The mistake in that logic is that it assumes that it can't be both. Many abusers and personality-disordered people really are sincere and really are trying when they also are hoovering. People who are hoovering you may not be consciously trying to manipulate you or deceive you. They may sincerely be trying, even hoping, to make it "better this time". They may not be consciously lying when they make promises of change and put them into practice. They may be so convincing because they are so convinced. 
You are going to have to be like the adult in a parent-child relationship, who listens to their child's black-and-white promises of great expectations or of "I'll never talk to him/her again" and says "Hmm, we'll wait and see". 
If you're not sure if you're being hoovered you should wait and see. Take the long-term view. A person's character is like an average of their behaviors over their lifetime. People can and do make positive changes in their lives sometimes, deciding to change their behavior for the better. Wait a year and see. 
Coping with Hoovering: 
If somebody who has been treating you abusively starts to treat you well, there's no harm in letting them knock themselves out and give yourself a break, but you must be careful not to take the bait to erode your boundaries, settle for less than you deserve, stop doing things that are healthy for you or stop exercising your own independence. 
What NOT to do: 
Don't change any of your boundaries or allow them to be broken during a hoover. 
Don't relax or give up on any consequences of previous poor decisions for the abuser. 
Don't stop any healthy activities or relationships you may be engaged in elsewhere. 
Don't assume the hoover will last forever. 
Don't use a hoover to bargain for a better life.

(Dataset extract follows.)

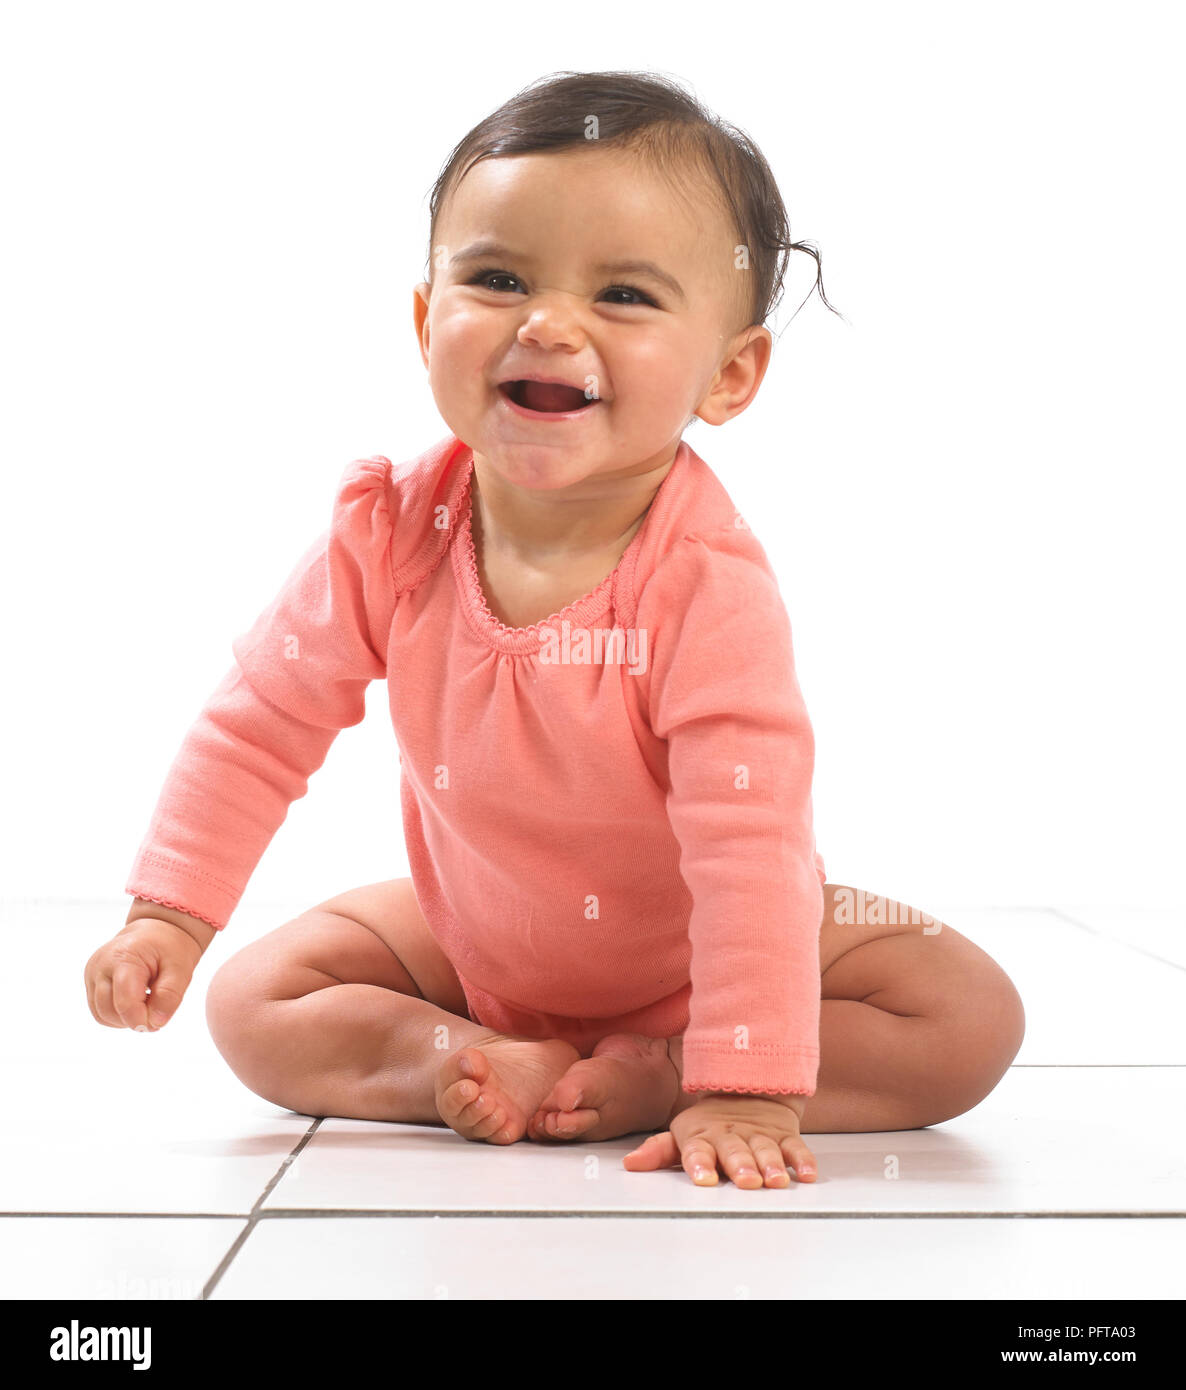 7 mesi bambino immagini e fotografie stock ad alta risoluzione - Alamy
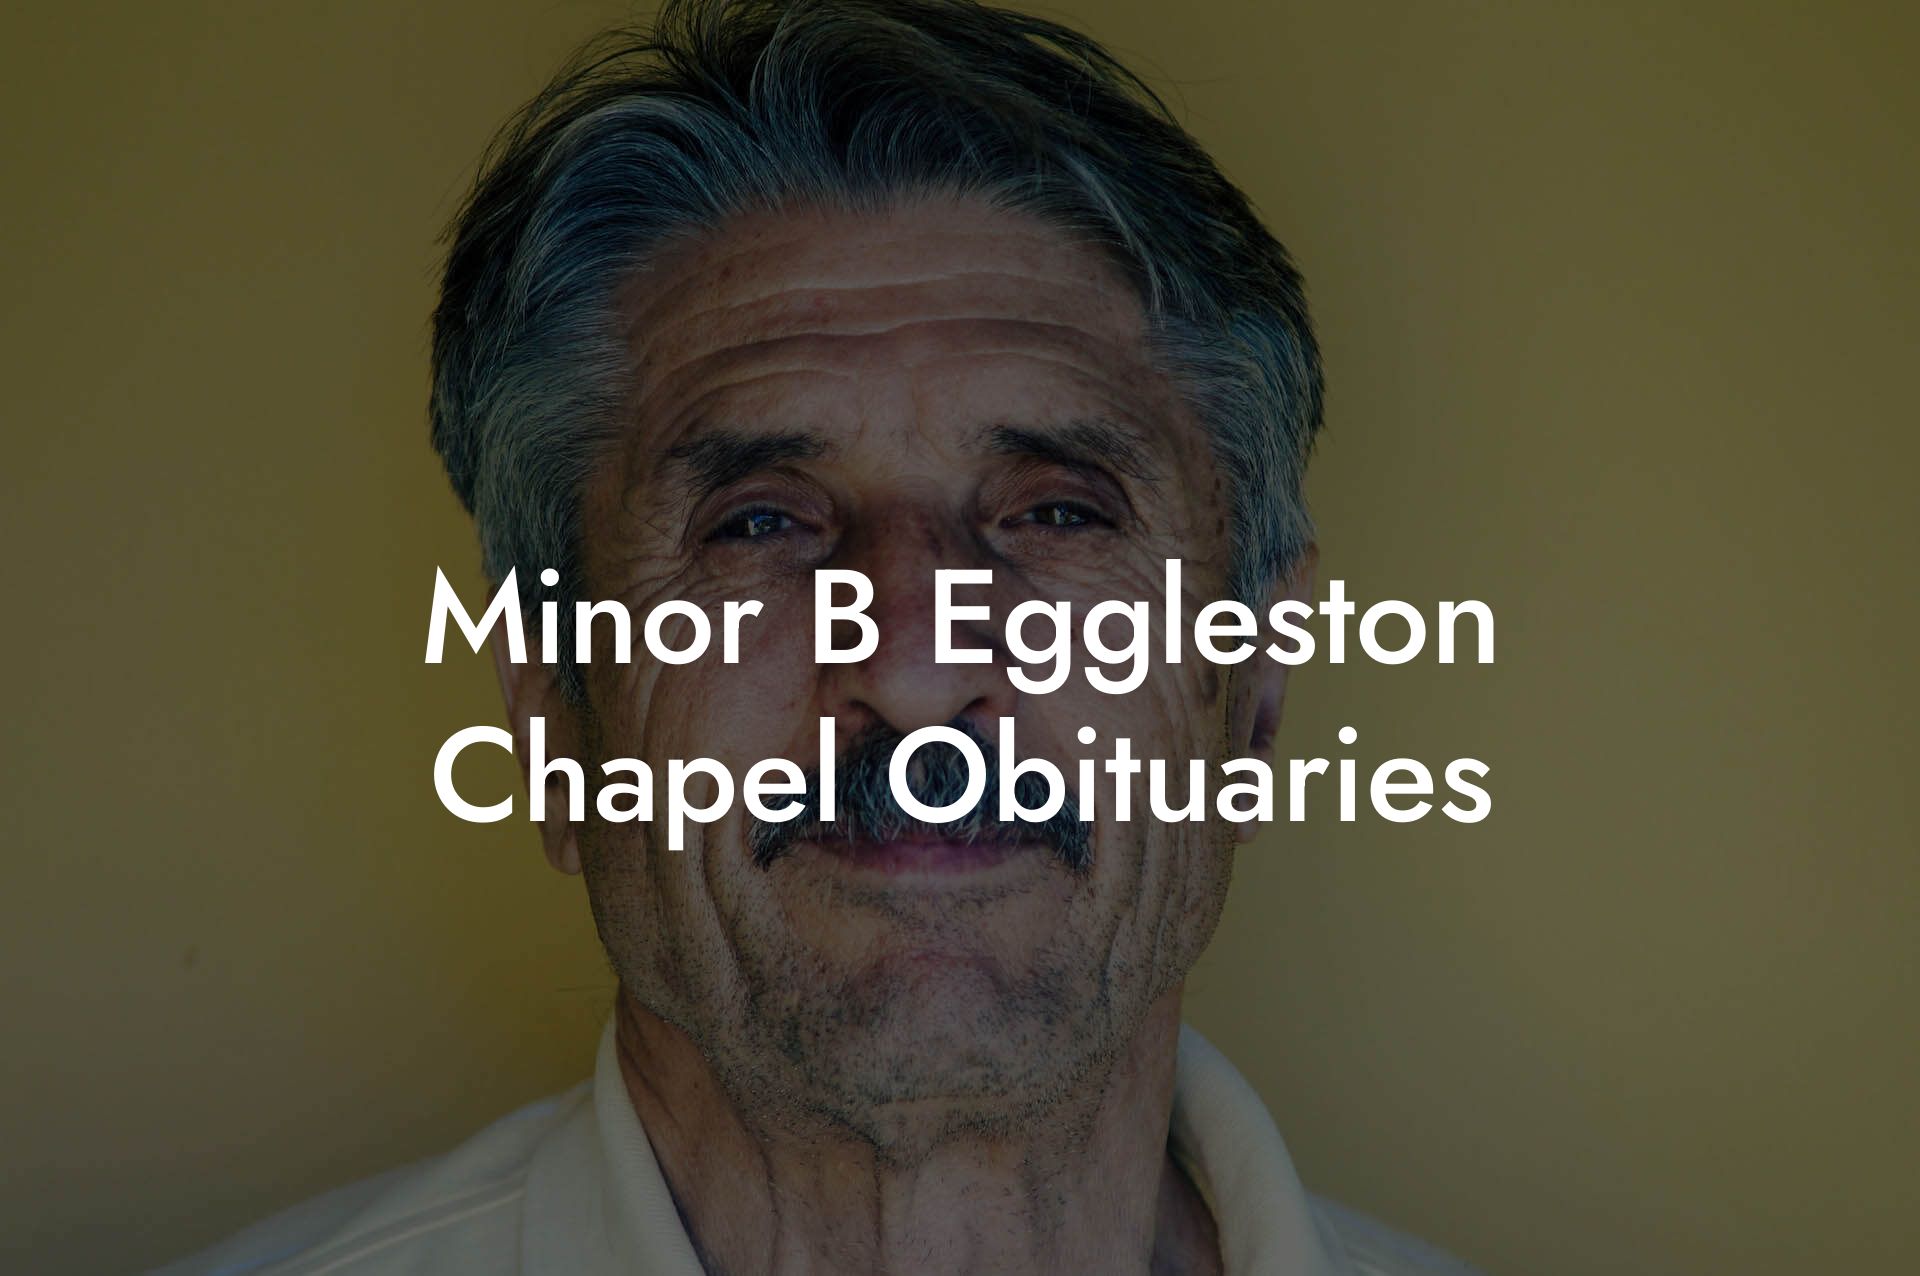 Minor B Eggleston Chapel Obituaries

You are setting up the abuser to break a promise and setting yourself up for a disappointment. 
What TO do: 
Remember that mood swings are a normal part of a number of personality disorders and that what goes up must come down. 
Accept that highs and lows are a part of everyone's emotional life and that, for a personality-disordered person, those may be more intense and lead swings in behavior. 
Maintain all your healthy lifestyle habits and relationships with others. 
Take the long-term view. Wait a year. 
Get yourself off the roller coaster. Position yourself so that your safety and happiness isn't dependent on a personality-disordered person's mood. 

Source:
Out of the FOG - Hoovers and Hoovering


----------



## Acabado (May 13, 2012)

What is Hoovering? 
Think of a big old vacumn cleaner gliding along the carpet making a LOT of noise coming your way with promises that it will clean up the mess and make everything "right". 
Hoovering is when the abuser wants to "suck" you back in to the abuser's "game". This means that the abuser needs some more of what we call "narcissistic source" or attention. This can be negative or positive attention. 
An abuser will use many different kinds of hoovering attempts. 
Some examples of hoovering include: 
1. Health issues. The abuser will need you to help them out because they are having health issues. 
2. Promises of change. They say they will go to therapy. They will do "anything" to make you happy. False, empty promises they are, but the abuser can seem to be convincing and serious about it. 
3. Fianacial issues. The abuser contacts you and says that he will lose everything if you don't give him money. It is always a crisis. 
4. The abuser will show up at club meetings, school activities, events, etc where you attend and will begin to give you meaningful looks or try to speak with you. 
5. Calls, Texts, E mails. You will boot up your computere one day to find you are once again being "love bombed" by e mail. Or by texts on your phone. This is why you have to block them from being able to contact you in any way. 
6. *By triangulation. Sometimes the abusers will use family members or friends who will call you or just run into you and who will give you a message from the abuser. *
ALWAYS REMEMBER THAT ABUSERS DON'T CHANGE. JUST BECAUSE THEY SAY THEY HAVE CHANGED, ONLY CONSISTENT LONG-TERM POSITIVE BEHAVIOR CAN PROVE IT. 
A few nice words don't really mean anything except they were spoken.


----------



## alte Dame (Aug 7, 2012)

SandyD said:


> ....I rediscovered people who truly love me, care about me and, much to my surprise after so much abuse, don't think I'm crazy in the least.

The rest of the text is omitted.